McLanahan: I want to tell you, Daniel, that I learned a lot in working on this book. It was a great process to do it with my brother, because he's at the opposite end of the medical spectrum. He's a very classical surgeon. But he's eating more salads now, and I'm appreciating more the kind of work that he does, that it does have a place, and that somehow we can all come together and work together in an integrated spirit.
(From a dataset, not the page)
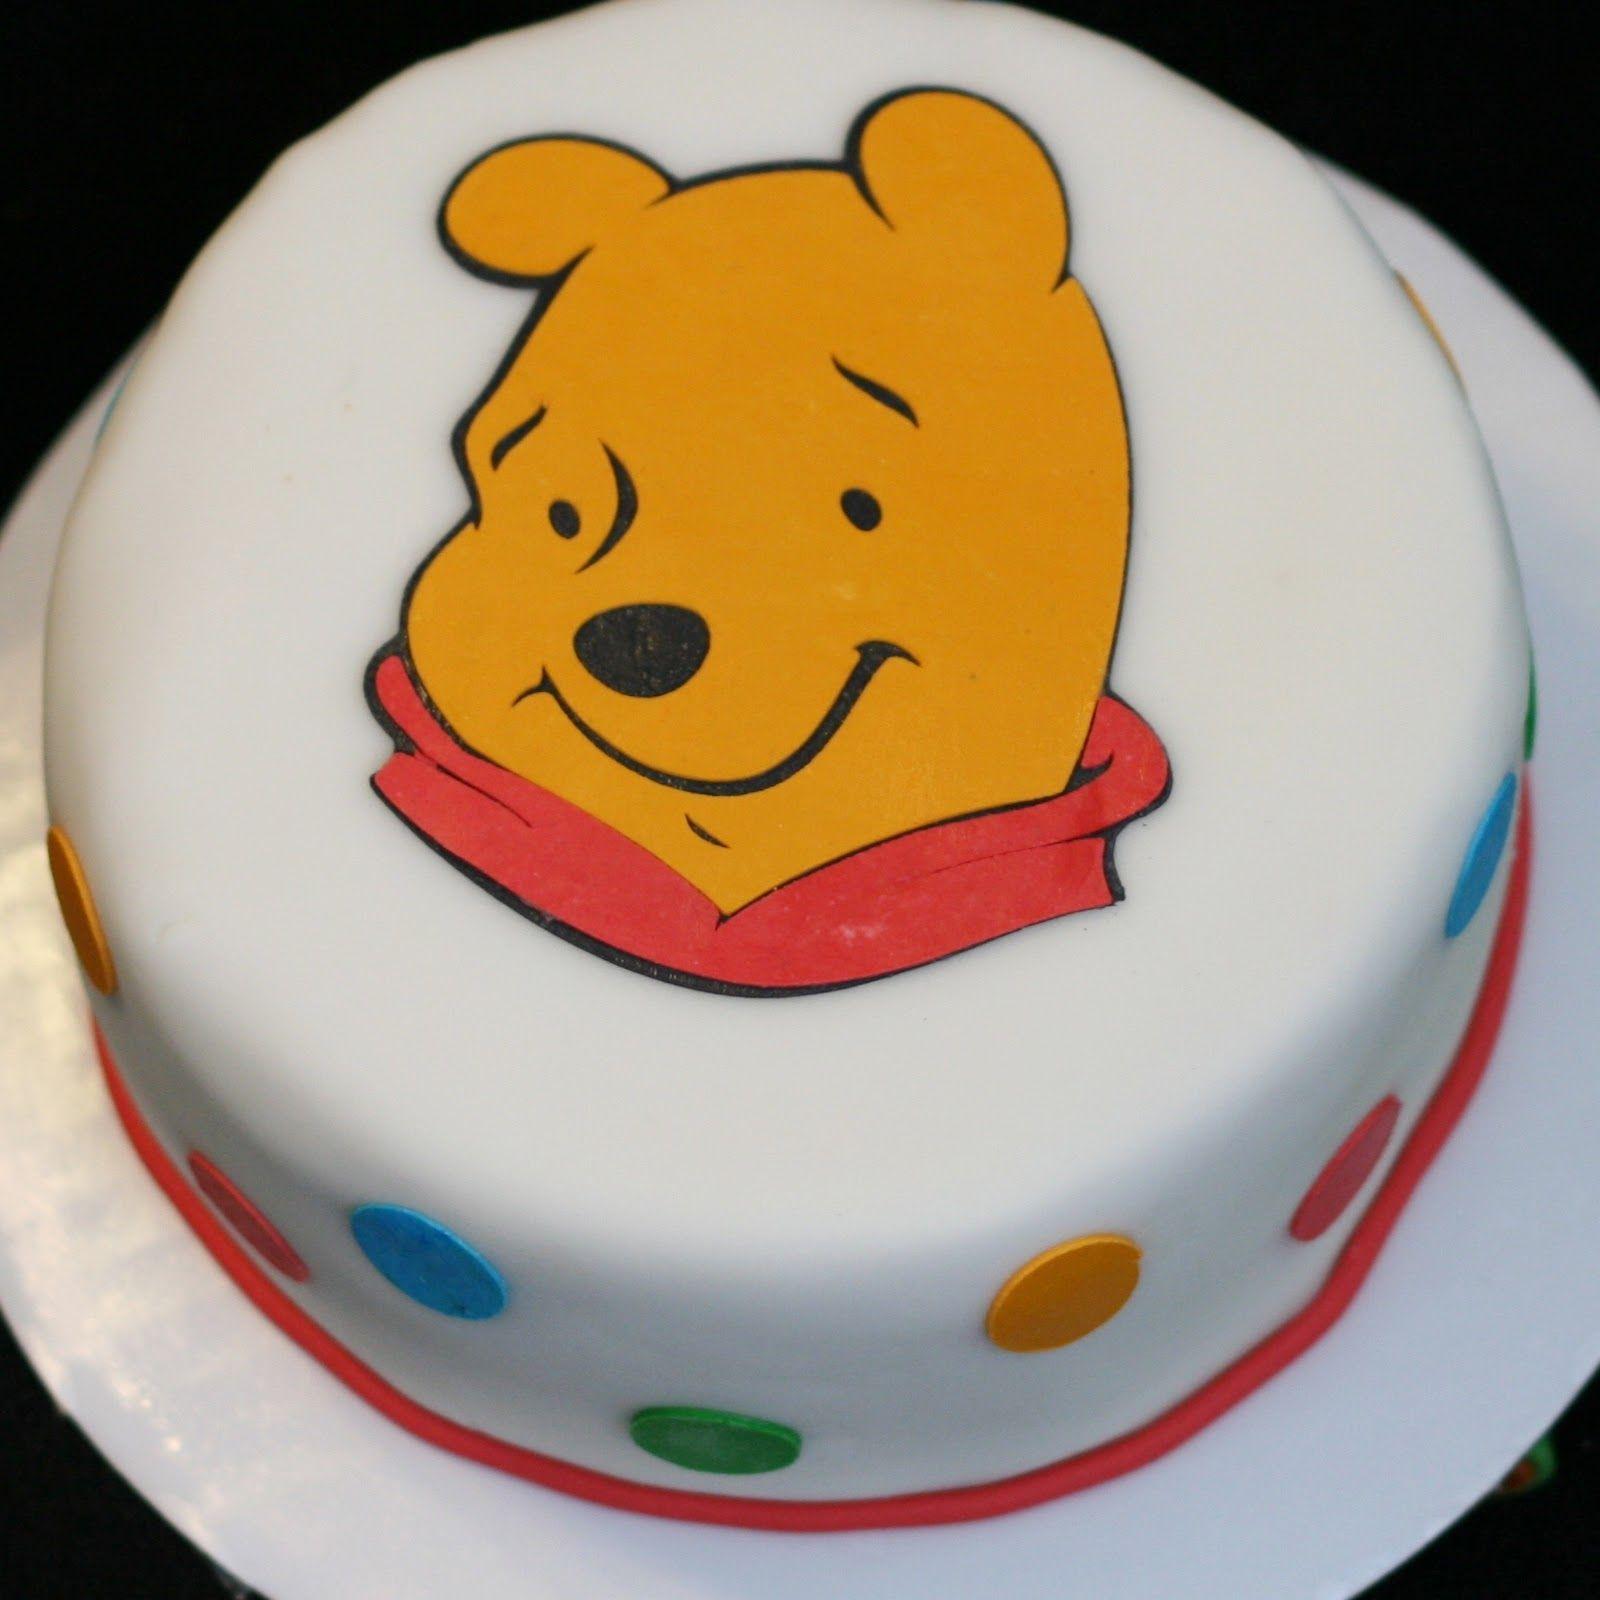 Winnie The Pooh Cakes Decoration Ideas Little Birthday Cakes Winnie The Pooh Cake Cake Birthday Cake Kids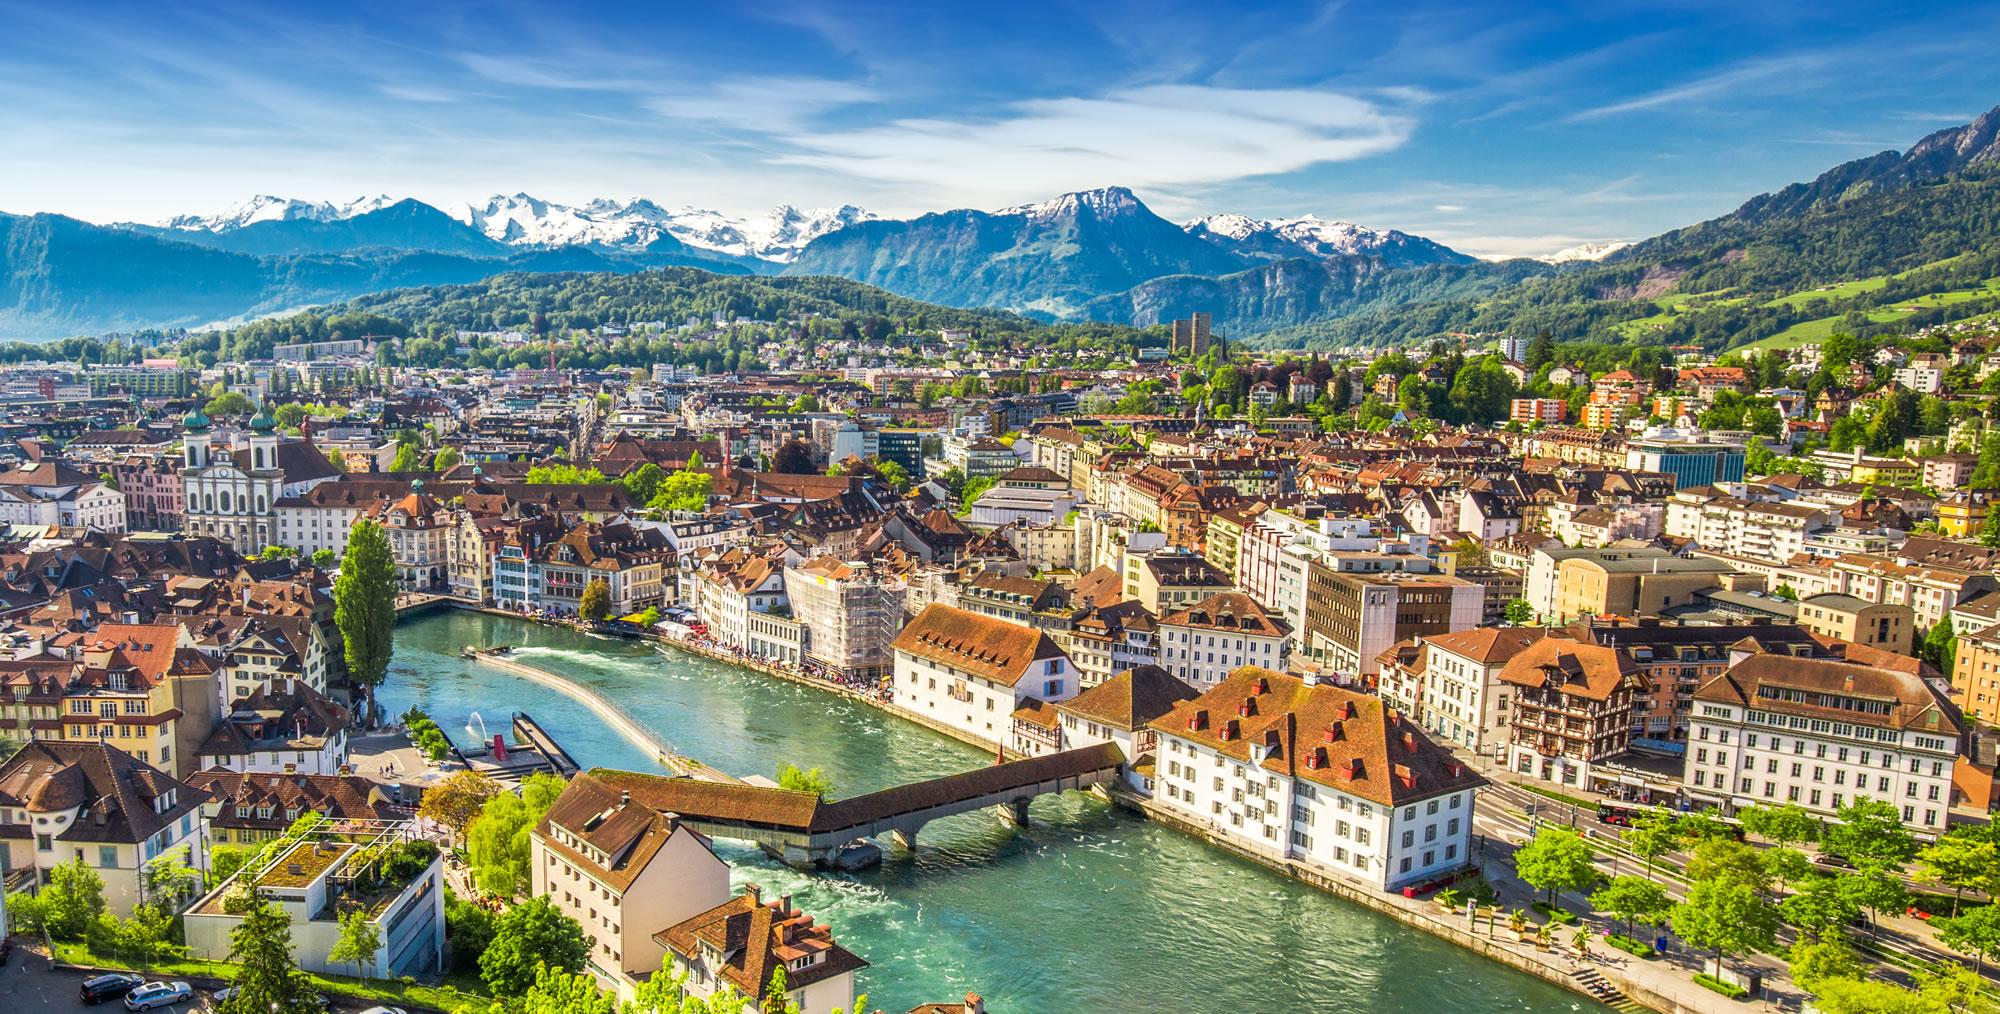 Pilatus Mountain Luzern, Switzerland

The other aspect of the book I want to mention is that eventually we are all going to face our own mortality and the mortality of our parents and friends and relatives. We need to understand that, as Edgar Cayce taught, spirit is essence, mind is the builder, and the body is the result. This is the opposite of what science has taught us, which is that consciousness somehow springs from the machine of the body. When we have a spiritual framework and spiritual perspective on our lives, it helps us to deal with the questions and difficulties of mortality. We can get a sense that death is safe. We don't have a sense in this country that death is safe. About 70 percent of Americans die alone in hospitals, and that is a big tragedy. That's why I work with Dannion Brinkley, who wrote the book Saved by the Light. He has an organization called Compassion in Action (www.dannion.com), the aim of which is to provide alternative medicine in the scene of death and dying. And that is terribly important, that we can ease the transition. We can also use that as an opportunity to feel the reality of our spiritual self. I've had so many patients tell me (and I had my own experience of my father going in and out of the light) about the nature of reality. Various patients have seen angels and heard music. So the reality of the spiritual world is very accessible when we include this as part of life. It can actually enrich our lives to have less fear of death.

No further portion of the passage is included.